I admit, part of my attraction to the Catholic Church stems from surface things. I love the church’s pageantry and mysticism, the iconography — and the fact that the heroes of so many of the horror movies I adored as a child were cross-wielding men of God. Blame it on Peter Cushing.

But blame it also on my spiritual and free-thinking grandmother. Blame it on a host of Catholic theologians whose works I have read and Catholics with whom I have spent so many hours talking, who have so aptly described a faith that, for all of its flaws, is inherently human, tolerant, diverse, and, in the end, accepting of human imperfection.

Blame it on Jesus and the Sacred Heart. Sigh.

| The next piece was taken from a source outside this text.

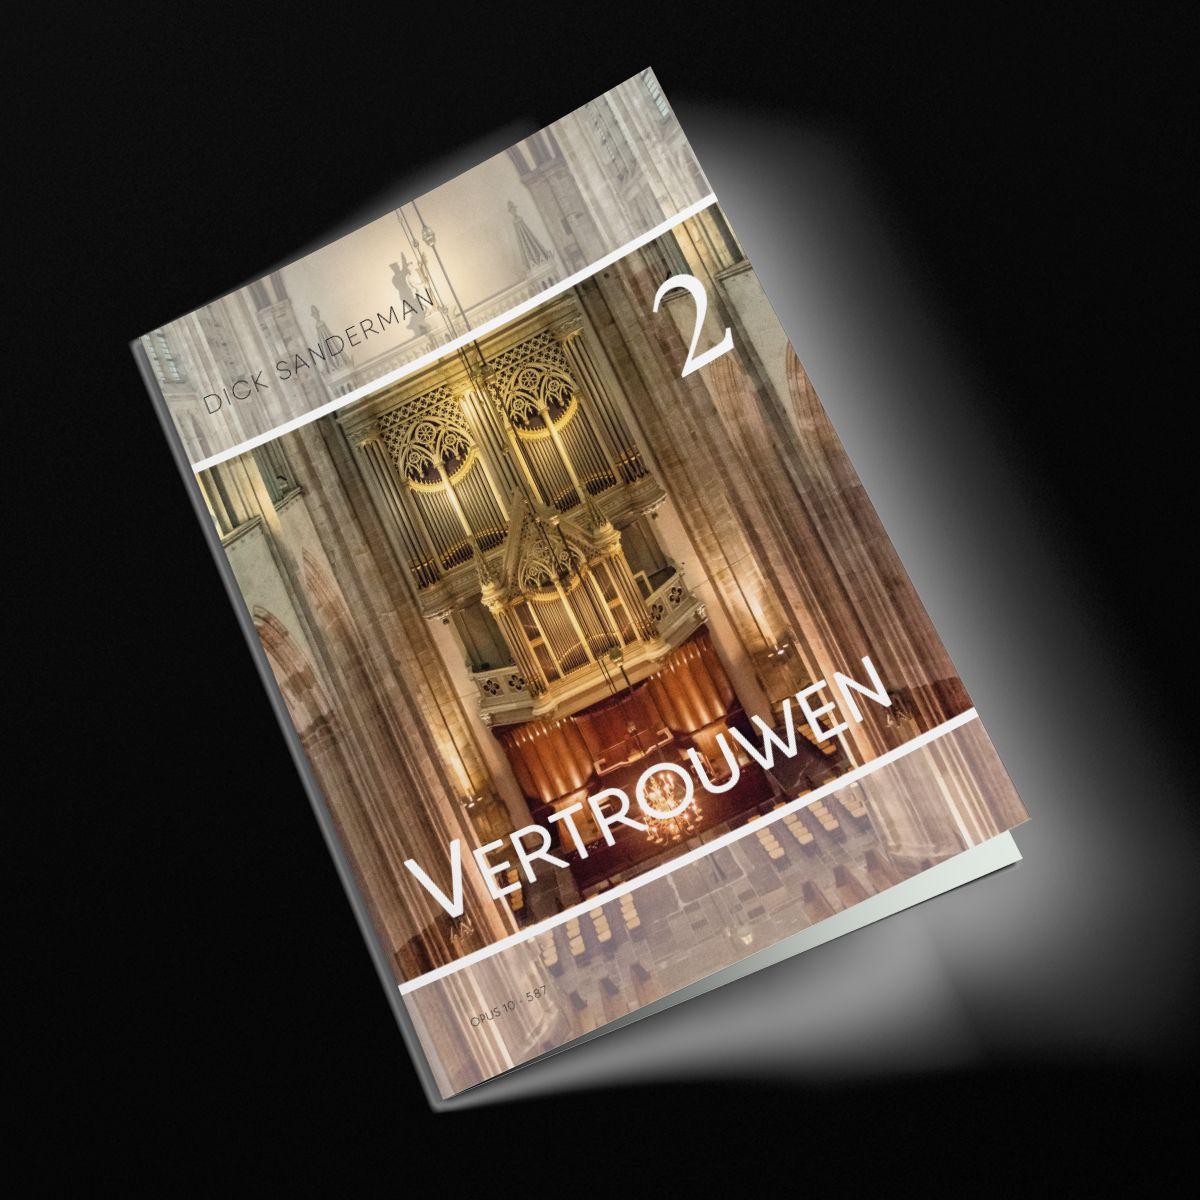 Dick Sanderman: Vertrouwen - Deel 2: Organ: Instrumental Album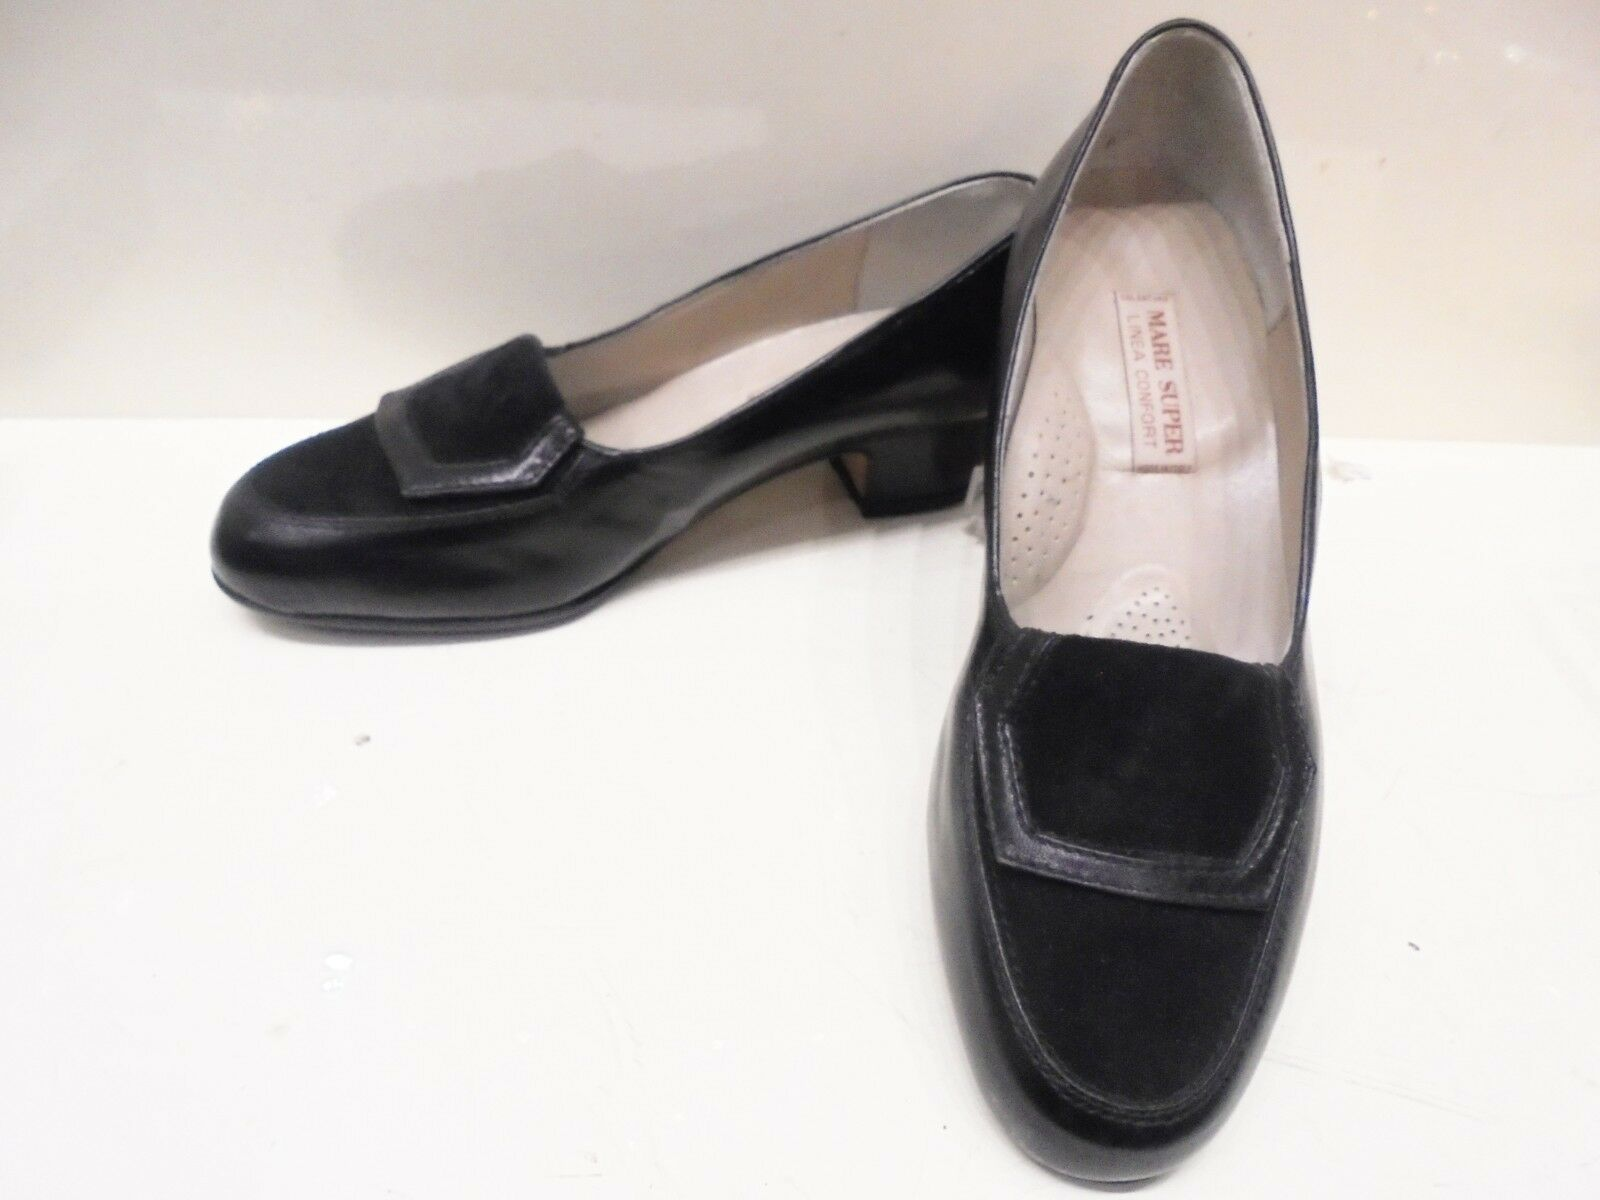 shoes MOCASSINI women IN PELLE E CAMOSCIO black MADE ITALY ARTIGIANALI N.37

The big framed print of Jesus and the Sacred Heart hung in my grandmother’s small front room. Jesus and his bleeding ticker, aflame with a cross but ringed by painful nettles, is part of my earliest memories, welcoming — and disturbing — me each time I would visit, becoming part of my psyche long before any Christian church began trying to demonize me.

Eva Warner was my maternal grandmother, a church-going Methodist who, even after her death in 1979, held a legendary status in my family as an incredibly accepting and calming person. I remember her horn-rimmed glasses, a faint menthol cigarette smell, and the red plastic bottle of saccharine tablets she carried in her purse to sweeten the coffee and tea she drank. Eva, for one, would not have seen anything weird about me being gay and Catholic.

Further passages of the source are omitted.